Raisman also drinks the juice before bed which, per more research, is also a smart move. Tart cherries are a natural source of melatonin, the hormone released in your brain that helps regulate sleep. In one 2014 study, adults with insomnia who imbibed the juice of Montmorency cherries (the most abundant variety) twice daily for two weeks found they increased sleep by almost 90 minutes. (On a related note, Blake Lively’s trainer swears that enjoying 90 more minutes of slumber every night will help you effortlessly drop weight, so drinking this tangy beverage may be a solid slim-down strategy.)
If you’re thinking that all this cherry goodness sounds more like an internal sugar avalanche, you’re not alone — Raisman also considered the same thing. But for her, the numerous benefits outweigh the 17 grams of sugar per eight-ounce serving of Cheribundi, her cherry juice of choice for which she’s an ambassador.
“I try to balance having a lot of fruit and not having a lot — you don’t want to have too much sugar because that creates more inflammation — so the tart cherry juice is really a perfect balance for me,” she explained.
What to Do If Straight Tart Cherry Juice Is Just Too Tart for You
If you prefer not to drink cherry juice, perhaps you’ll want to snack on it instead. Registered dietitian Wendy Bazilian, DrPH, RD, told The Huffington Post, that half a cup of dried tart cherries offers about 50% of your daily vitamin A intake and 10% of potassium and fiber, noting the fruit boasts “19 times more vitamin A than blueberries or strawberries.”
Alternatively, you can drink it diluted with watermelon. (The satisfyingly crunchy, thirst-quenching fruit is listed as Raisman’s favorite food on her USA Gymnastics profile.)

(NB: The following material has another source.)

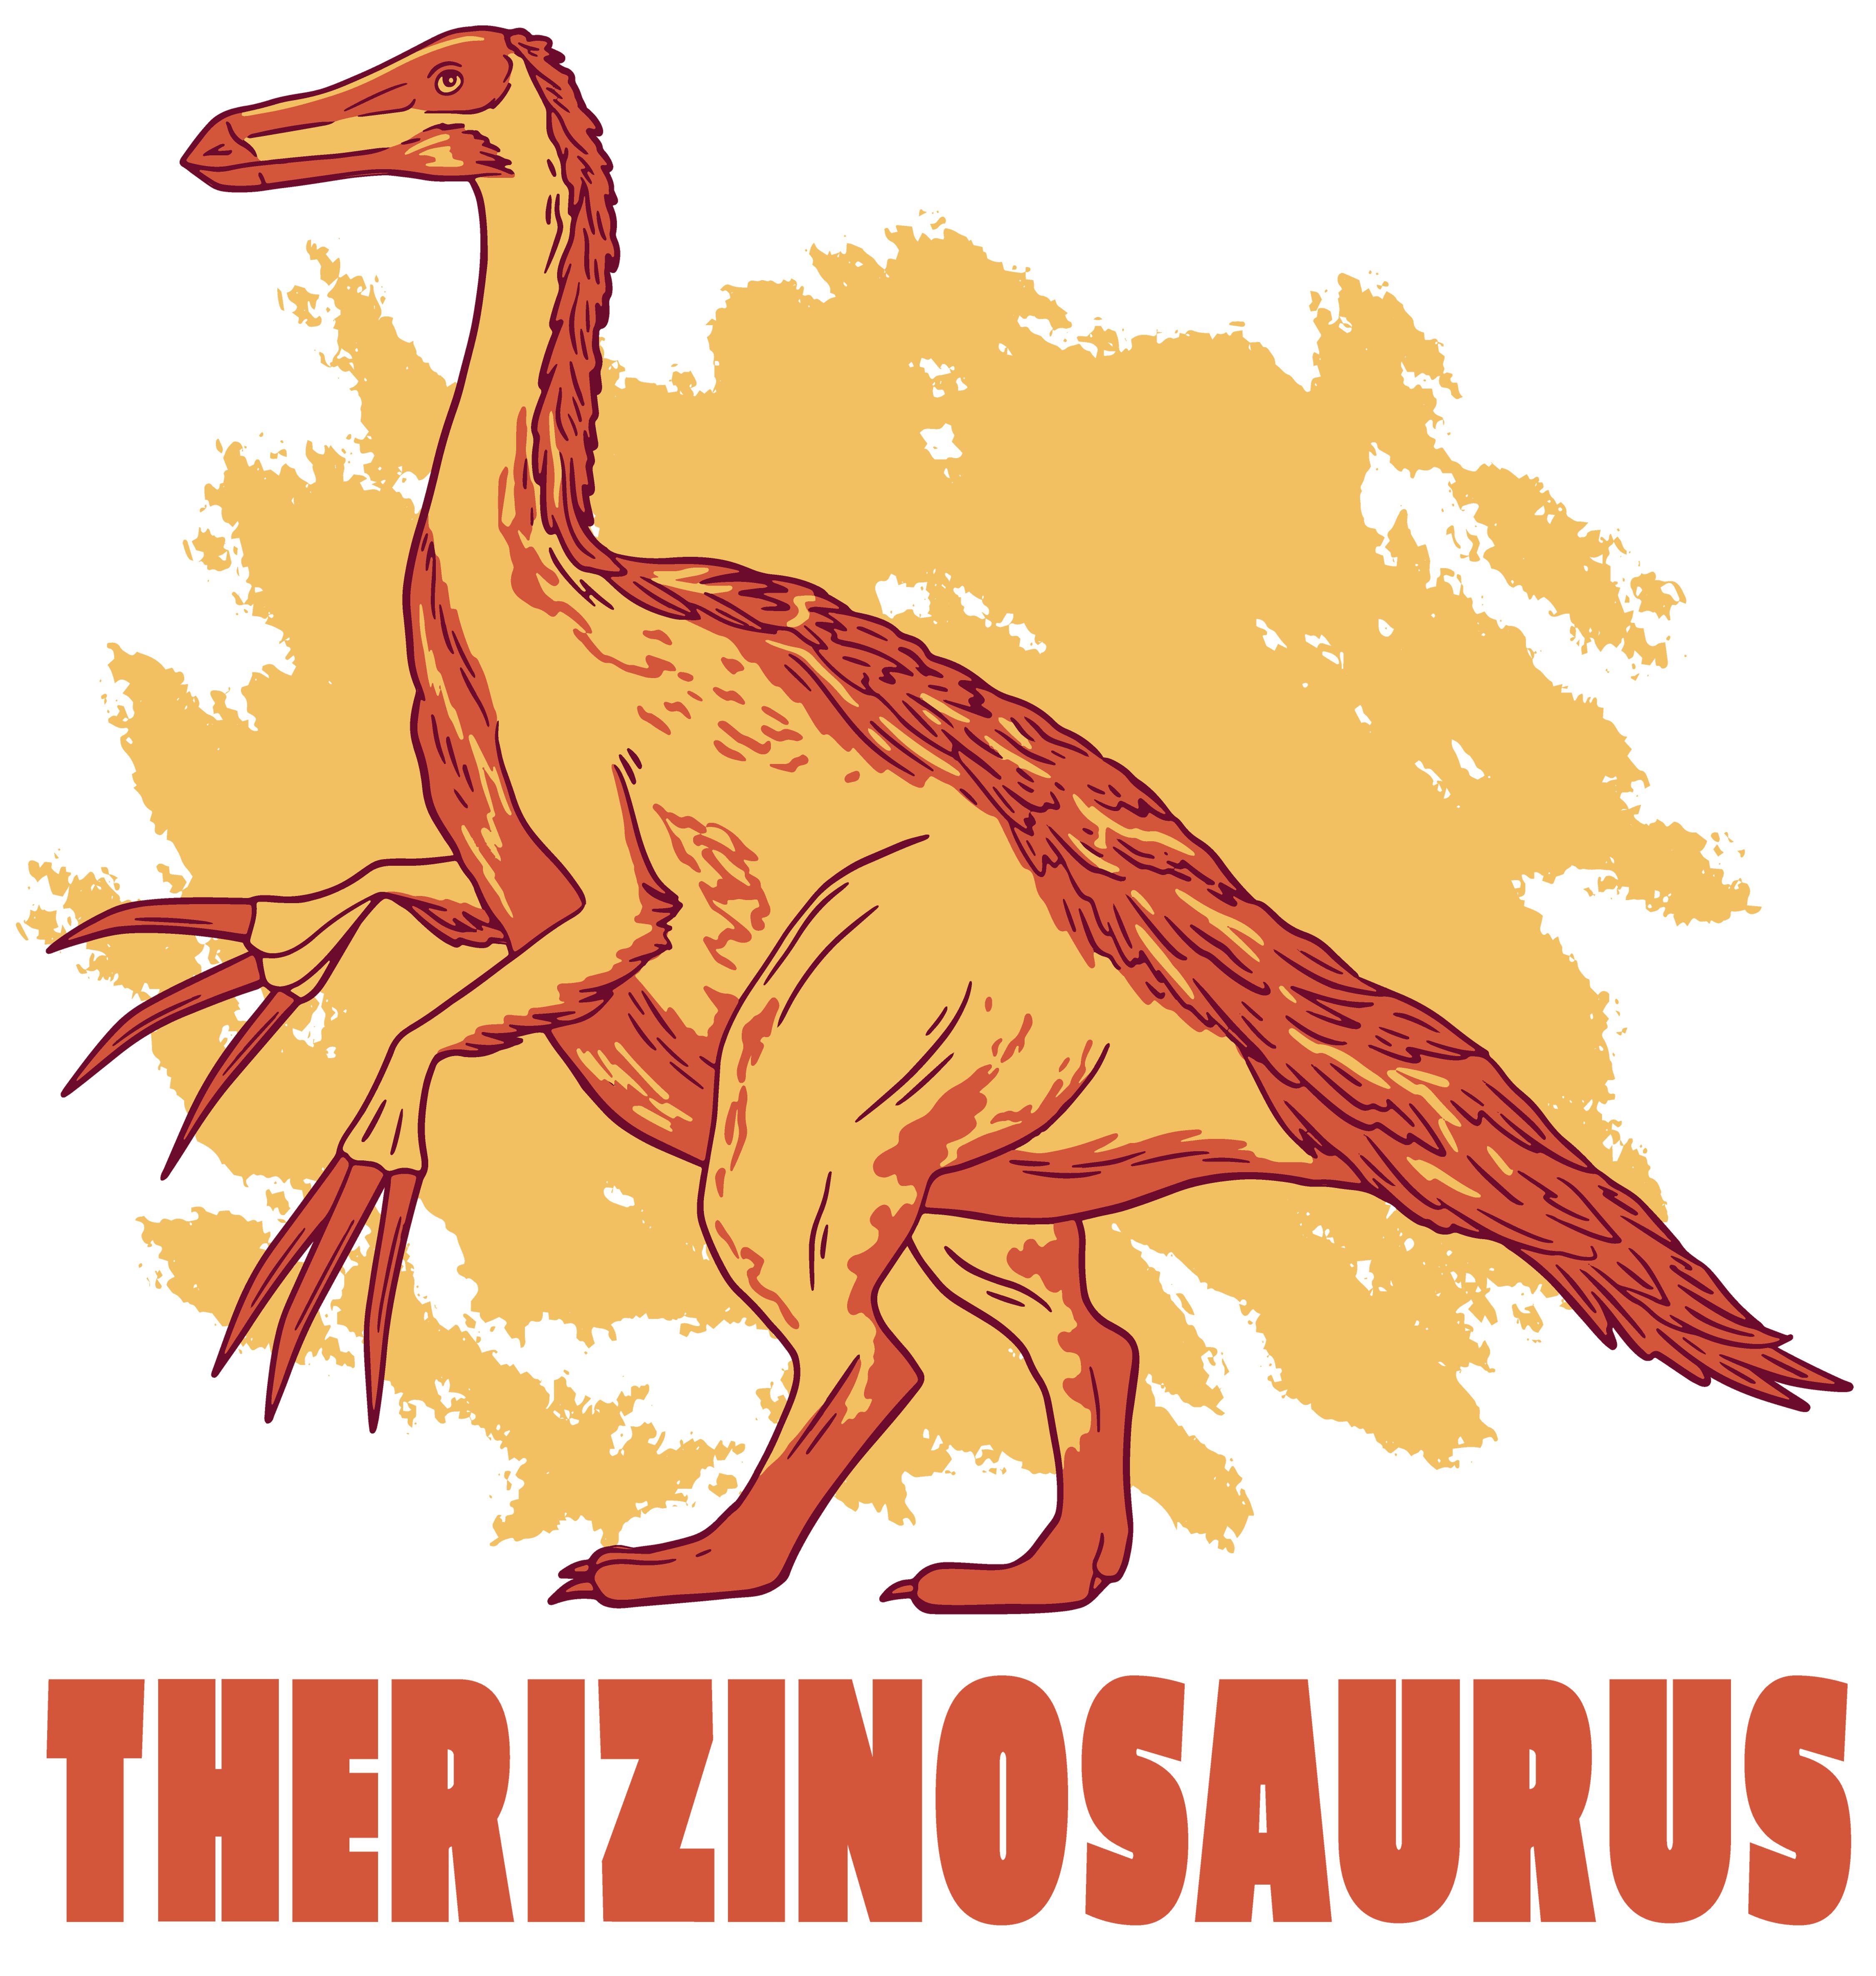 MyDesign24 blau, mit i87 Print-Shirt Baumwollshirt weiß, Kinder Dino, mit T-Shirt Therizinosaurus schwarz, weiss rot, bedrucktes

Beyoncé-endorsed WTRMLN WTR CHRRY offers a combination of fresh cold-pressed watermelon juice combined with tart cherry. McDevitt explains this duo is a “recovery powerhouse thanks to the antioxidants in the cherry and L-Citrulline in watermelon, both of which are known to make your muscles rejoice.”
Finally, if you just can’t get yourself to drink any fruit juice, copy another one of Raisman’s self-love treatments: Steep yourself in a tub full of warm water and relax (also known to help relieve sore muscles, per experts).